Kathy Griffin sure has grown on me over the years, like hair on my back except less of a hindrance in the summer.
I remember finding her a bit obnoxious, kind of like a younger version of the late-career Joan Rivers. Her humor struck me as a bit lazy—it's easy being mean.
But over the years, her act has evolved into something that, in its best bits, is a lot smarter than just reading the blogs and reacting. She still has some easy jabs, but they're mere punctuation marks in a set that is an exhilaratingly clear-headed take-down of all that is not real. Telling it like it is has never been more satisfying than in this day and age, when those in the spotlight, aided and abetted by the media, seek to pull the wool over our eyes.
That was what I thought seeing her live for the first time last night at Madison Square Garden. She came out to a rousing reception, played on by Britney's "Gimme More," a taste of what was to come.
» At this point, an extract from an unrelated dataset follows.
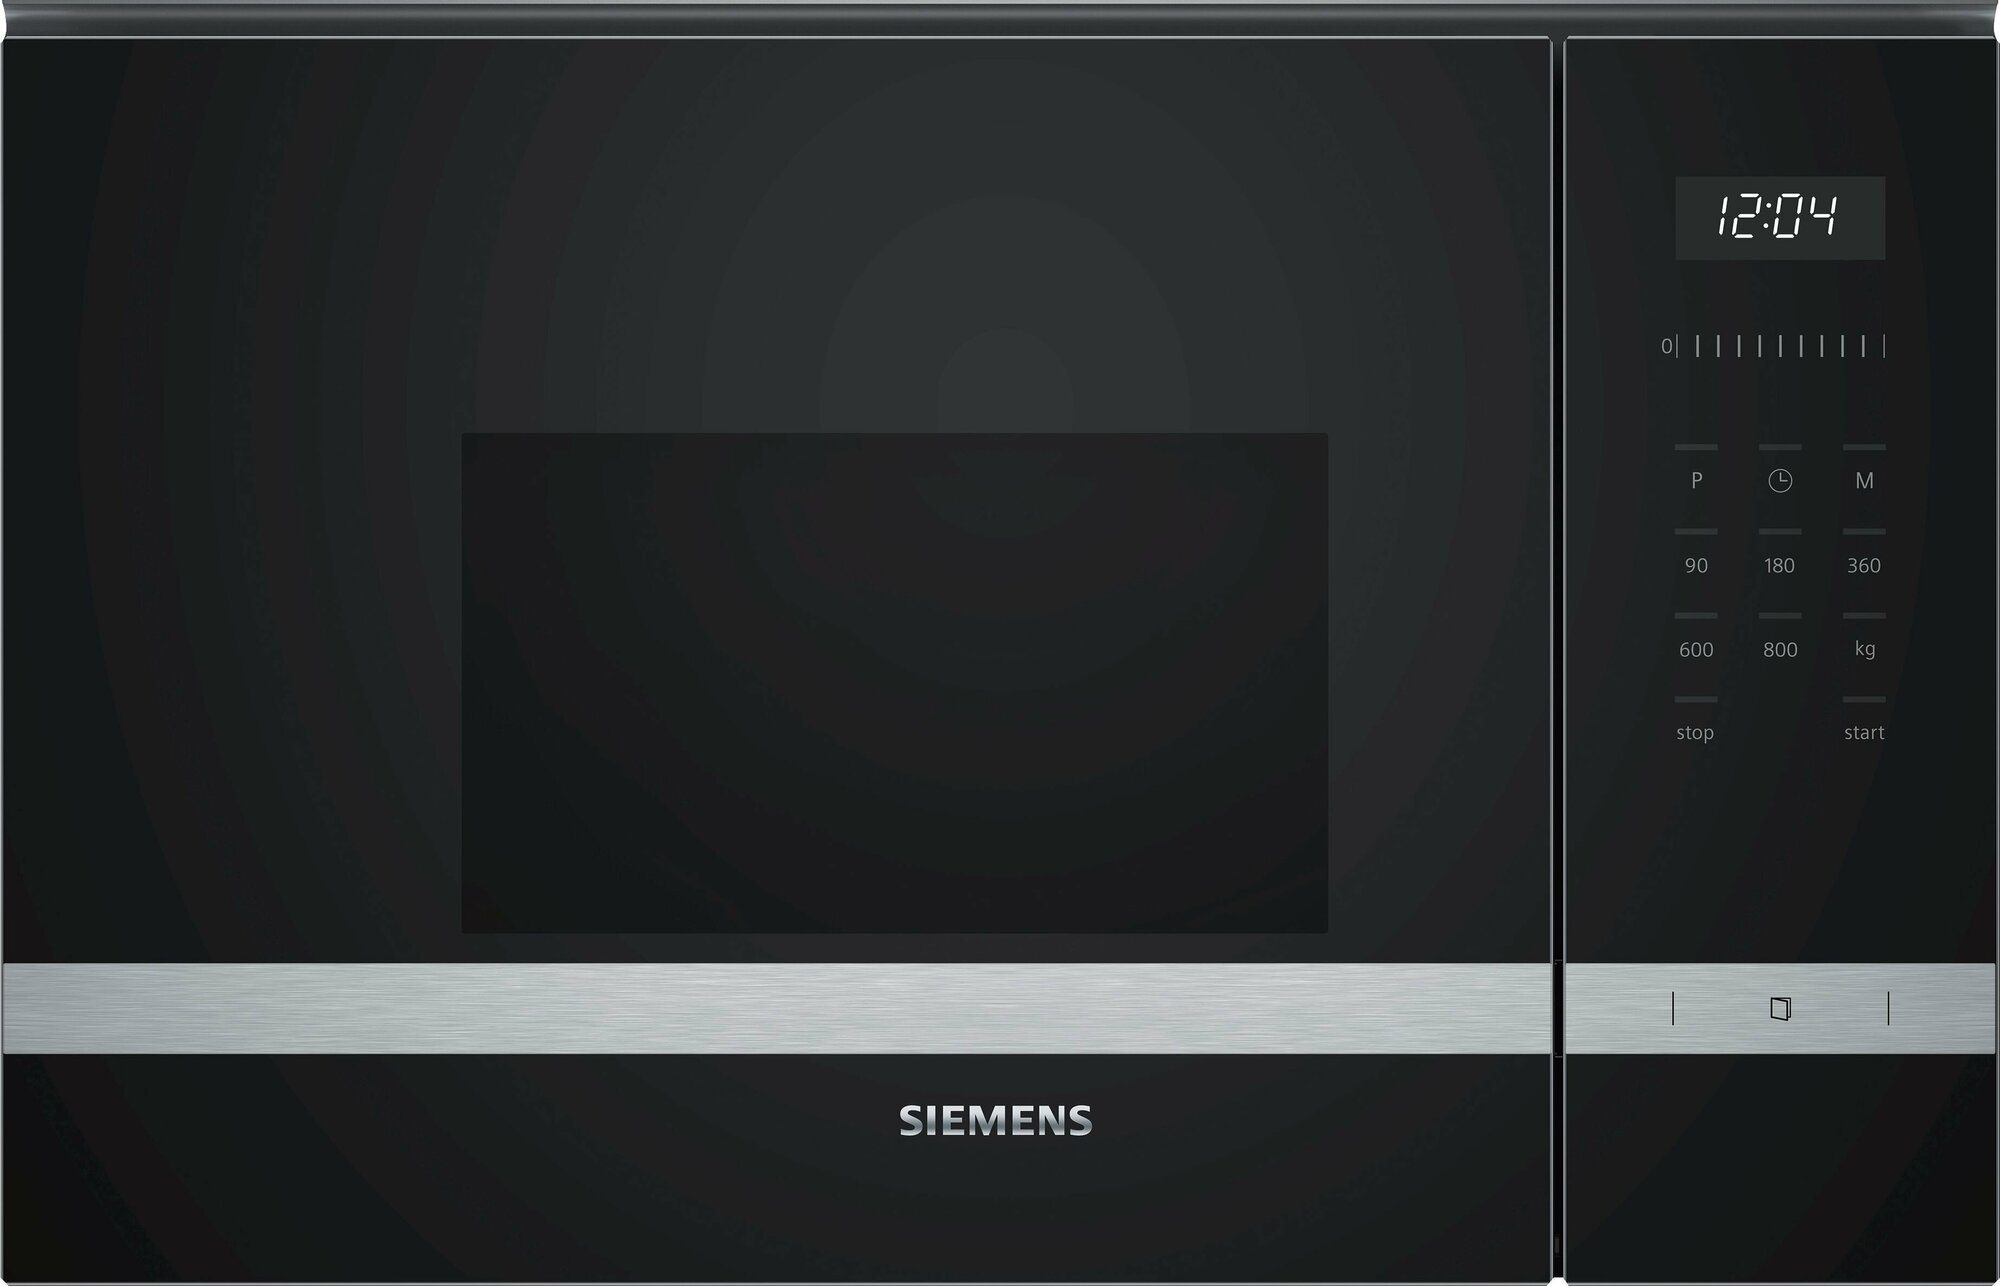 Микроволновая печь Siemens Встраиваемая микроволновая печь Siemens/ розничный эксклюзив! 20л, 800Вт, цвет: черный

Her best material, which melded her sheer outrageousness with socially-redeeming smack-down, was centered on her obsession, Oprah Winfrey. She admits to worshiping Oprah (suggesting the cross needs another prong so she can cohabitate with the Father, the Son and the Holy Ghost), but can't pretend Oprah is not sometimes "completely full of shit." Her remembrances of recent Oprah shows had the crowd howling and will have Oprah grinding her veneers.
The flat-out funniest part of the show has to be her first-person account of finally meeting Liza Minnelli, who warms to her instantly (identifying her as "one of my very best friends!" from the stage before they'd even met), and who winds up inviting Kathy into bed with her. The sense is that you're hearing about the temporary crossing over—Lewis & Clark-style—of a woman who would be the first to point and laugh at the three-in-a-bed pow-wows of stars like Minnelli, Michael Jackson and Elizabeth Taylor.
Other highlights were her unexpected (the whole show was new material) dissections of Marie Osmond ("Can we just stop pretending Mormons are normal?") and her staged fainting spell, the obscure Oxygen show called Bad Girls Club and her relationship with billionaire Steve Wozniak, the latter of which brings her act a lot of heart.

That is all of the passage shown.